Ads Top


  Sebuah karya atau ciptaan apa pun, dalam bentuk apa pun, lukisan, novel, puisi, film, selalu berawal dari refleksi manusia terhadap lingkungan sekitarnya. Meski bersifat fiktif, khayali, virtual dan tidak nyata, tidak salah jika film Avatar menjadi sebuah refleksi bagi siapa saja yang menontonnya. Avatar adalah tubuh dalam bentuk lain yang telah dikloning sedemikian rupa. Avatar terkoneksi dengan alam pikiran manusia. Film ini berkisah tentang kehidupan yang masih murni, kehidupan makhluk lain dalam dunia yang disebut Pandora. Di sana hidup suku Na’vi yang menyembah Eywa seperti manusia di zaman pagan menyembah pohon-pohon besar. Mereka menyatu dengan alam. Dunia itu kacau ketika manusia mulai berdatangan untuk mencari Unobtanium (semacam uranium) dan mulai meratakan hutan serta menjajah penduduk setempat demi menggali unobtanium di dalam tanah. Jake Sully, seorang cacat, kakinya lumpuh , terpilih untuk agen idn sport ini. Ia bersama Grace, seorang ahli botani, masuk ke dalam avatar, hidup bersama suku Na’vi, mengajari penduduk setempat berbahasa Inggris sekaligus mengajari bermain slot pulsa tanpa potongan. Namun, di balik misi itu tersembunyi hasrat manusia untuk menguasai dan menjarah unobtanium tanpa menghiraukan kesejahteraan dan ketenangan penduduk setempat. Jake Sully dan Grace berbicara sebagaimana suku Na’vi bicara, berpikir sebagaimana mereka berpikir. Demikianlah modal utama dalam beradaptasi dengan kehidupan baru. Dalam waktu tiga bulan Jake Sully telah menjadi bagian dari putra Omaticaya, saudara sedarah bagi penduduk Na’vi. Dalam menjalankan misi,

 ia mengalami banyak hal, salah satunya adalah kesadaran untuk saling memiliki, menjaga dan menghargai, misi pun berubah. Ia tidak lagi bekerja untuk perusahaan besar yang mencari ubtanium, tapi membela dan menyatukan sukusuku yang tertindas. Cerminan sejarah manusia Film Avatar tidak hanya menceritakan bagaimana penjajahan terjadi, tapi juga bercerita tentang bagaimana sesungguhnya makhluk hidup harus menyatu dengan alam disertai rasa toleransi, dan bukannya melakukan perusakan demi kepentingan kelompok tertentu. Yang dijajah akan terjajah, baik secara pemikiran, ekonomi, maupun materi. Sebagaimana yang terjadi pada akhir film.

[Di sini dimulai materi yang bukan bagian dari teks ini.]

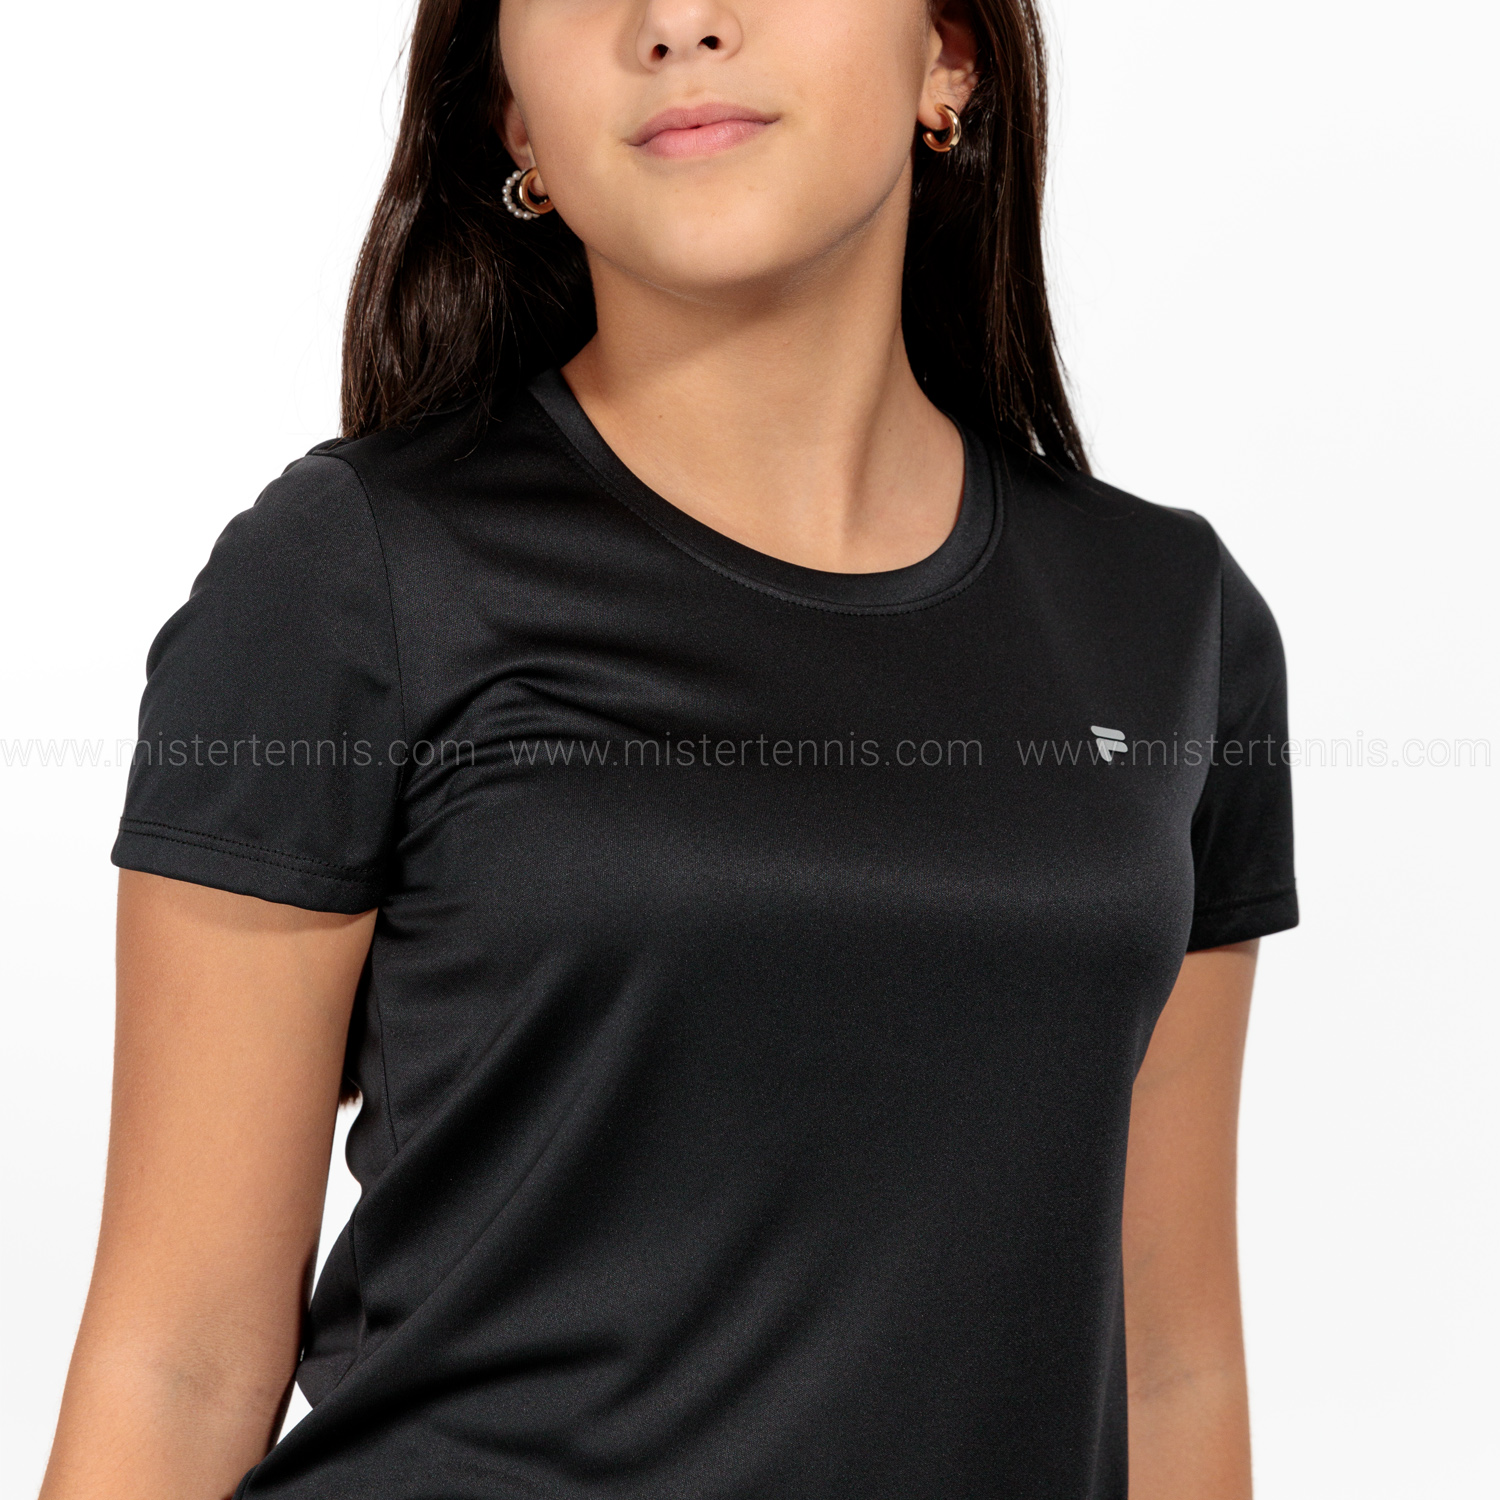 Fila Leonie Camiseta Niña - Black
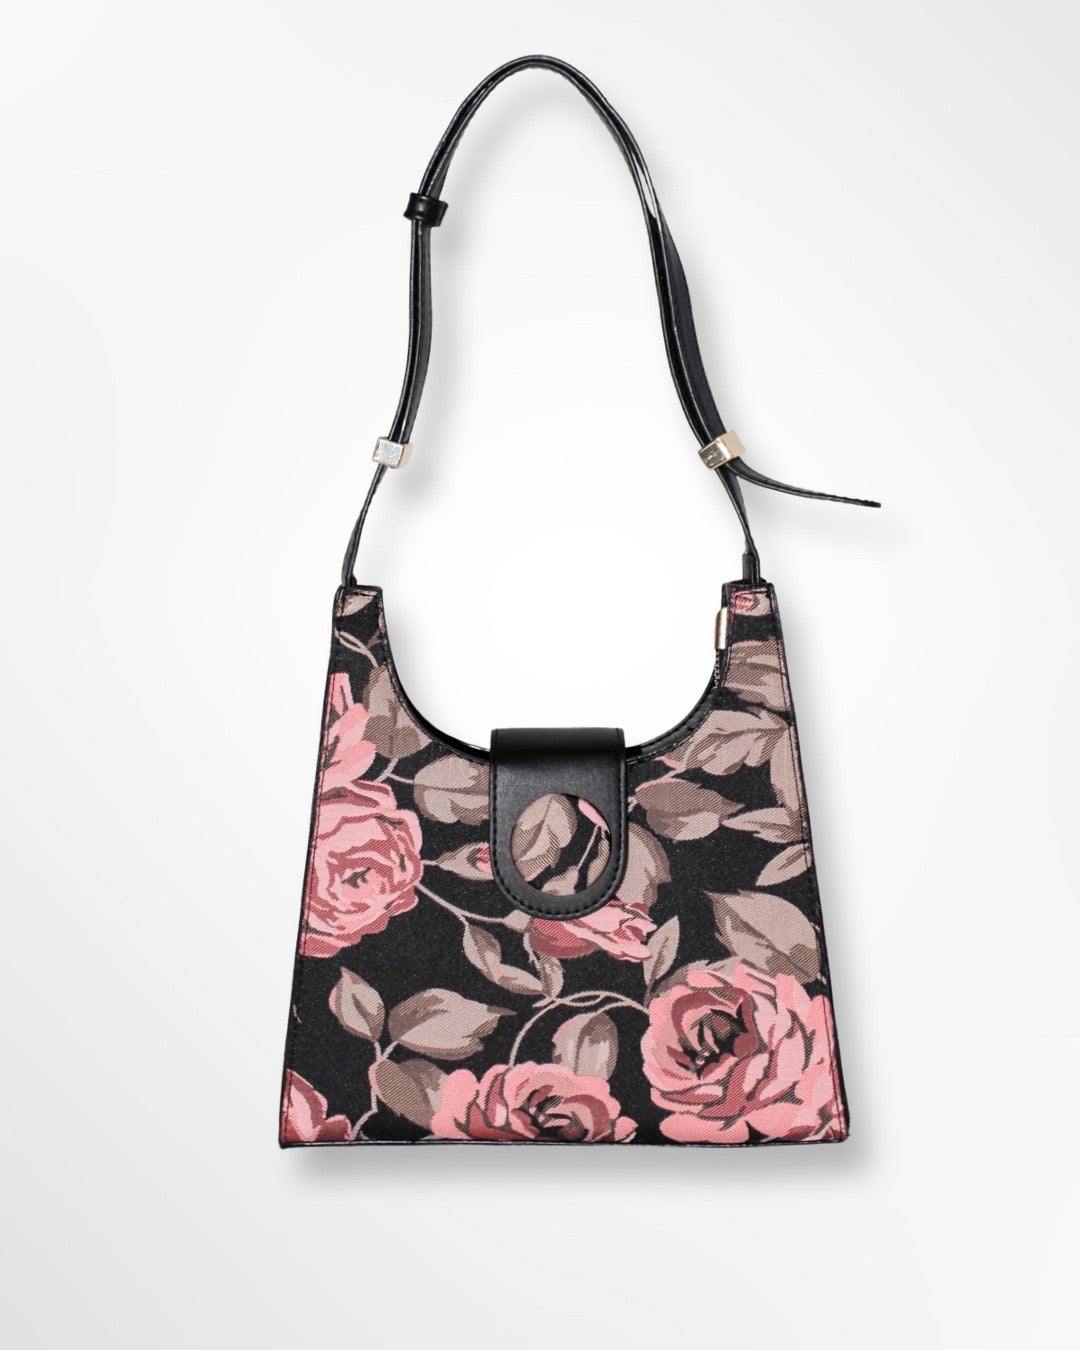 Vegan Leather Black/Pink Floral Hand Bag
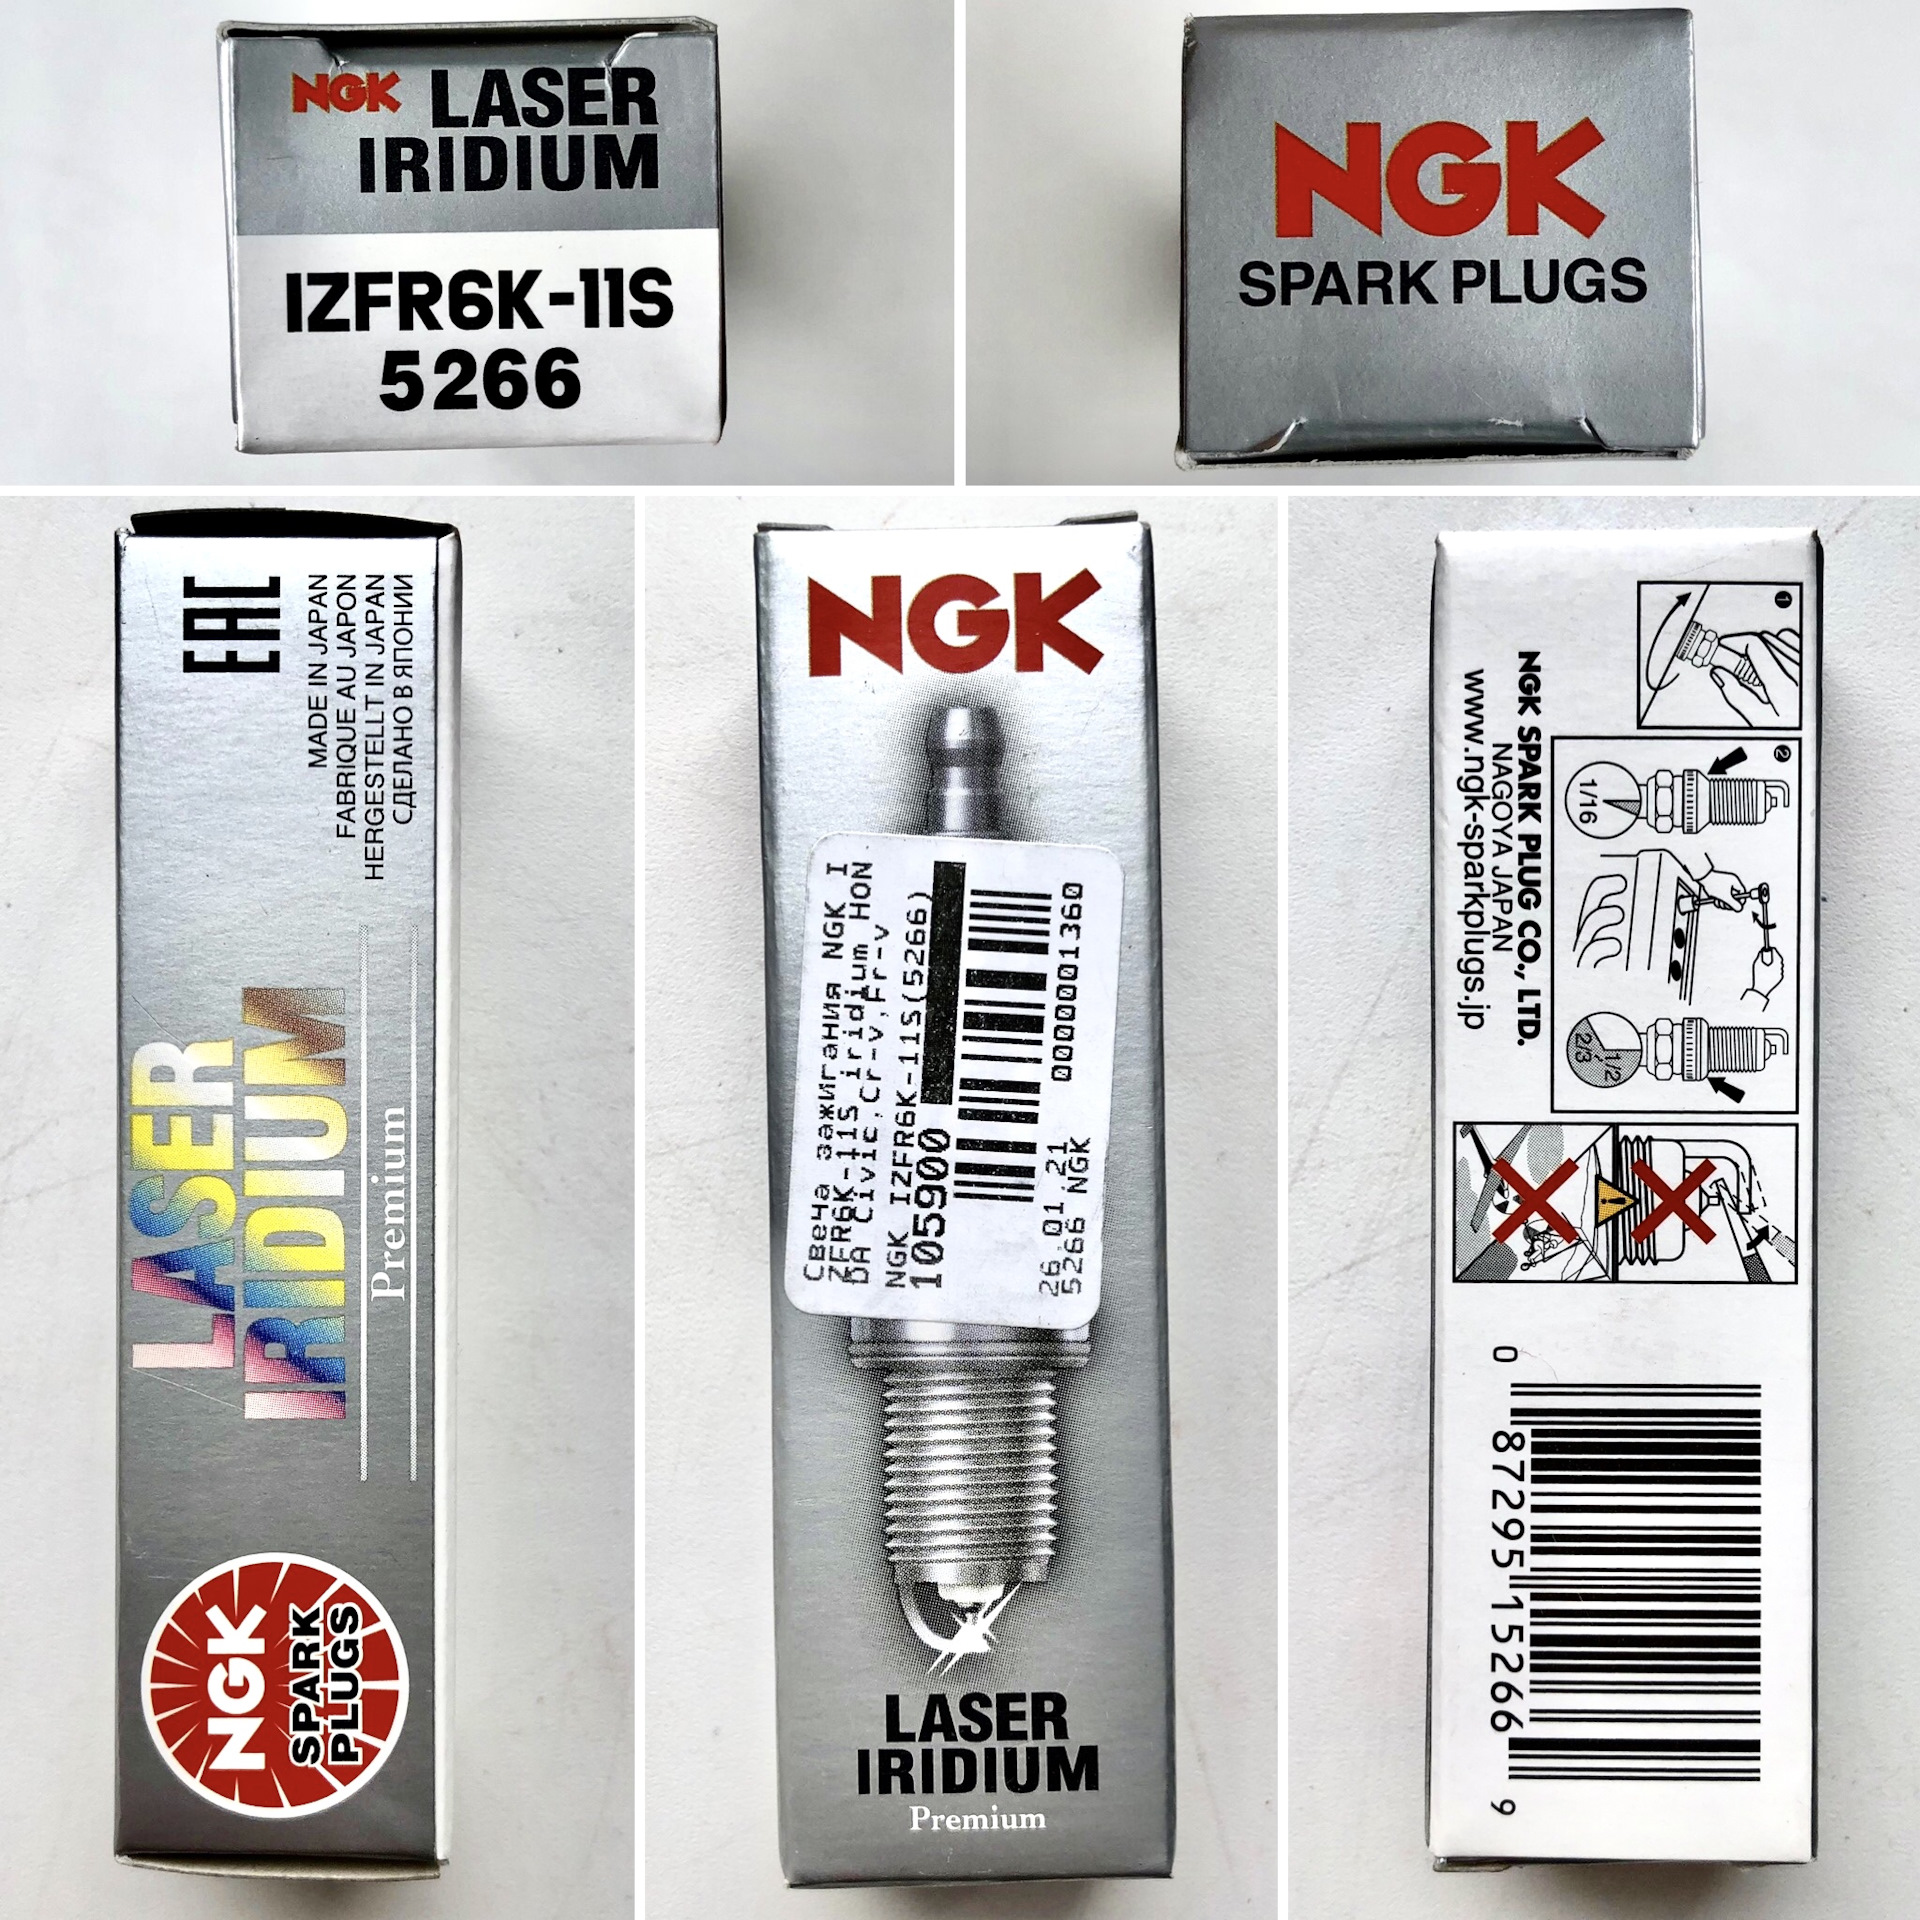 Ngk как отличить подделку от оригинала. NGK izfr6k-11 размер ключа. Izfr6k-11s от NGK В упаковке NGK. Свечи зажигания Хонда Аккорд 8 2.4. Оригинальная упаковка свечи NGK izfr6k11s.
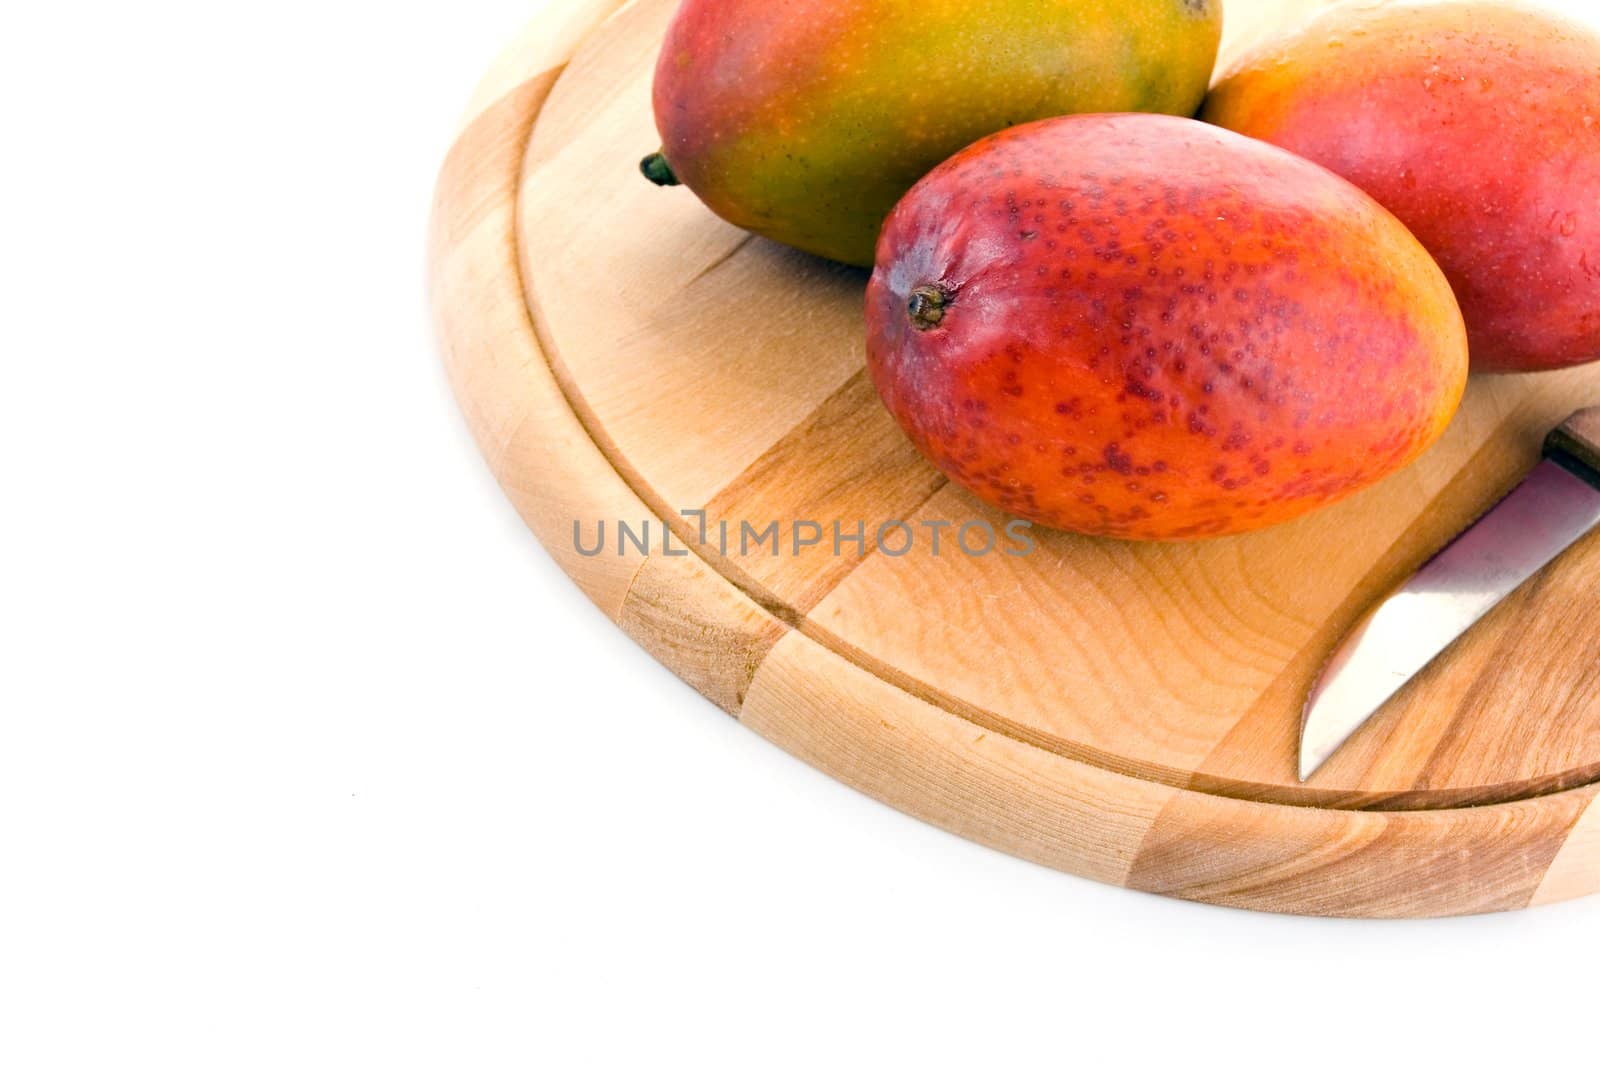 Juicy mangoes by Vladimir

  Ras manusia akhirnya harus kalah dan pulang dengan tangan kosong. Secanggih apapun alat yang dibawanya dari bumi untuk menguasai, tetap saja tidak kuasa melawan makhluk-makhluk yang menyatu dengan alam. Makhluk-makhluk asing itu menang dalam sebuah peperangan. Tapi kemenangan itu tidak lepas dari pengaruh manusia, Jake Sully, Grace dan kawan-kawan yang bahu membahu membantu penduduk setempat untuk melakukan perlawanan. Kondisi ini menyerupai sejarah bangsa-bangsa di bumi. Selalu ada pihak-pihak asing yang memberikan bantuan untuk merdeka, baik secara moril maupun mental. Di sisi lain, film ini seolah hanya berkisah tentang kebenaran melawan kejahatan, terlalu hitam putih. Tak ada tokoh abu-abu, semacam sosok yang hidup di antara hitam putih tersebut, sosok penengah semacam Gunawan Wibisono, adik Rahwana, dalam kisah Ramayana. Pertarungan antara baik dan buruk dibiarkan begitu saja bertubrukan sesuai skenario. Dan peradaban suku Na’vi demikian terbelakang, tak ada kemajuan dari segi pemikian maupun ekonomi, seolah peradaban mereka adalah peradaban yang statis, diam di tempat, monoton, dan terbelakang. Hal ini berbeda dengan kondisi manusia dengan kemajuan peradabannya yang cepat berubah-ubah.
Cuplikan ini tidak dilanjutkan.